For an elementary reaction , `X(g)toY(g)+Z(g)`
the half life period is 10 min. In what period of time would the concentration of X be reduced to 10% of original concentration?

To solve the problem step by step, we will follow these calculations: ### Step 1: Understand the Reaction and Given Data The reaction is given as: \[ X(g) \rightarrow Y(g) + Z(g) \] We know that this is an elementary reaction, which means the order of the reaction is equal to its molecularity.

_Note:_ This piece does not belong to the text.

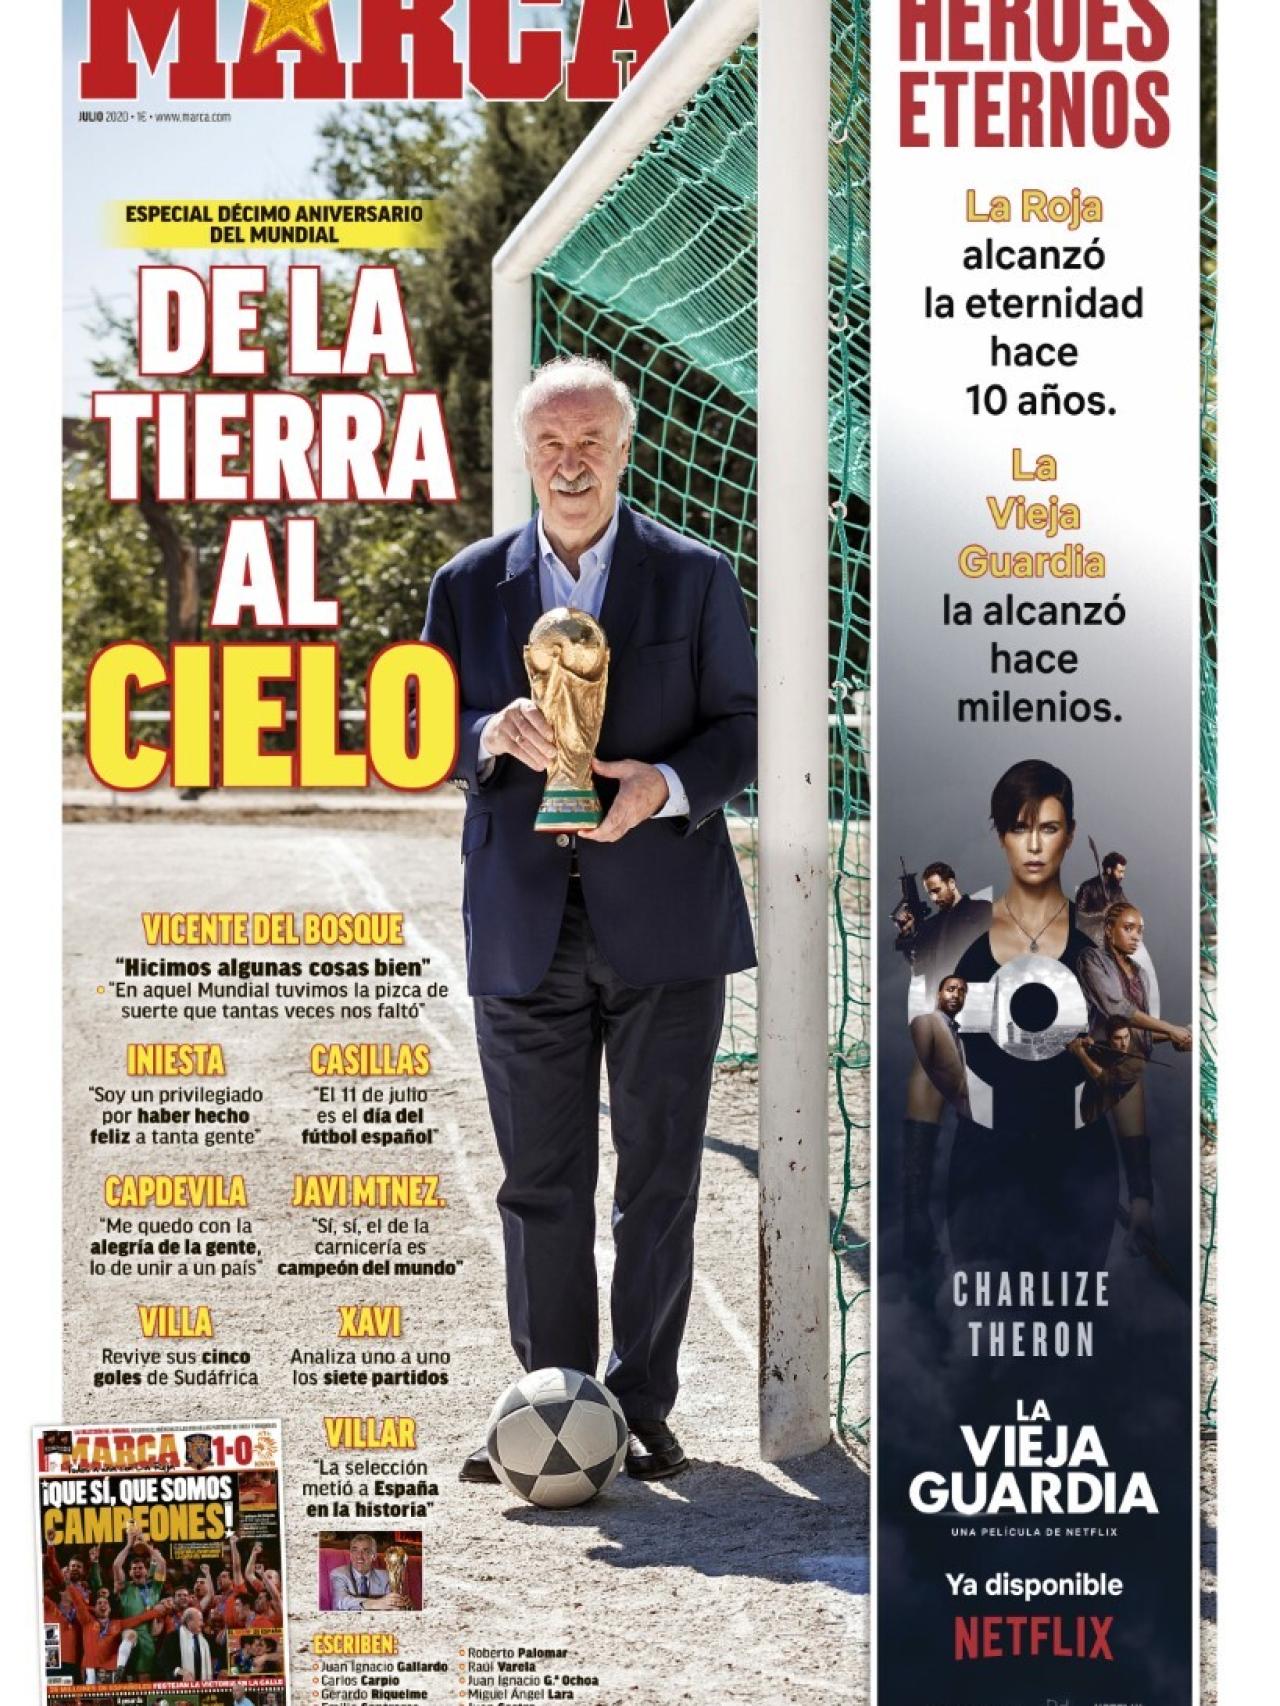 La portada especial del diario MARCA (11/07/2020)

Here, the molecularity is 1, so the order of the reaction is also 1. ### Step 2: Use the Half-Life Formula for First Order Reactions The half-life (\( t_{1/2} \)) for a first-order reaction is given by the formula: \[ t_{1/2} = \frac{0.693}{k} \] Where \( k \) is the rate constant. Given that the half-life is 10 minutes, we can rearrange this formula to find \( k \): \[ k = \frac{0.693}{t_{1/2}} = \frac{0.693}{10 \text{ min}} \] ### Step 3: Calculate the Rate Constant \( k \) Calculating \( k \): \[ k = \frac{0.693}{10} = 0.0693 \text{ min}^{-1} \] ### Step 4: Determine the Time to Reduce Concentration to 10% We need to find the time (\( t \)) required for the concentration of \( X \) to reduce to 10% of its original concentration. This means that if the initial concentration is 100%, the remaining concentration will be 10%. Using the first-order reaction formula: \[ t = \frac{2.303}{k} \log \left( \frac{[A]_0}{[A]} \right) \] Where: - \([A]_0\) is the initial concentration (100%) - \([A]\) is the remaining concentration (10%) Substituting the values: \[ t = \frac{2.303}{0.0693} \log \left( \frac{100}{10} \right) \] ### Step 5: Calculate the Logarithm Calculating the logarithm: \[ \log \left( \frac{100}{10} \right) = \log(10) = 1 \] ### Step 6: Substitute and Calculate Time \( t \) Now substituting back into the equation: \[ t = \frac{2.303}{0.0693} \times 1 \] Calculating \( t \): \[ t \approx \frac{2.303}{0.0693} \approx 33.23 \text{ minutes} \] ### Final Answer Thus, the time required for the concentration of \( X \) to be reduced to 10% of its original concentration is approximately: \[ \boxed{33.23 \text{ minutes}} \] ---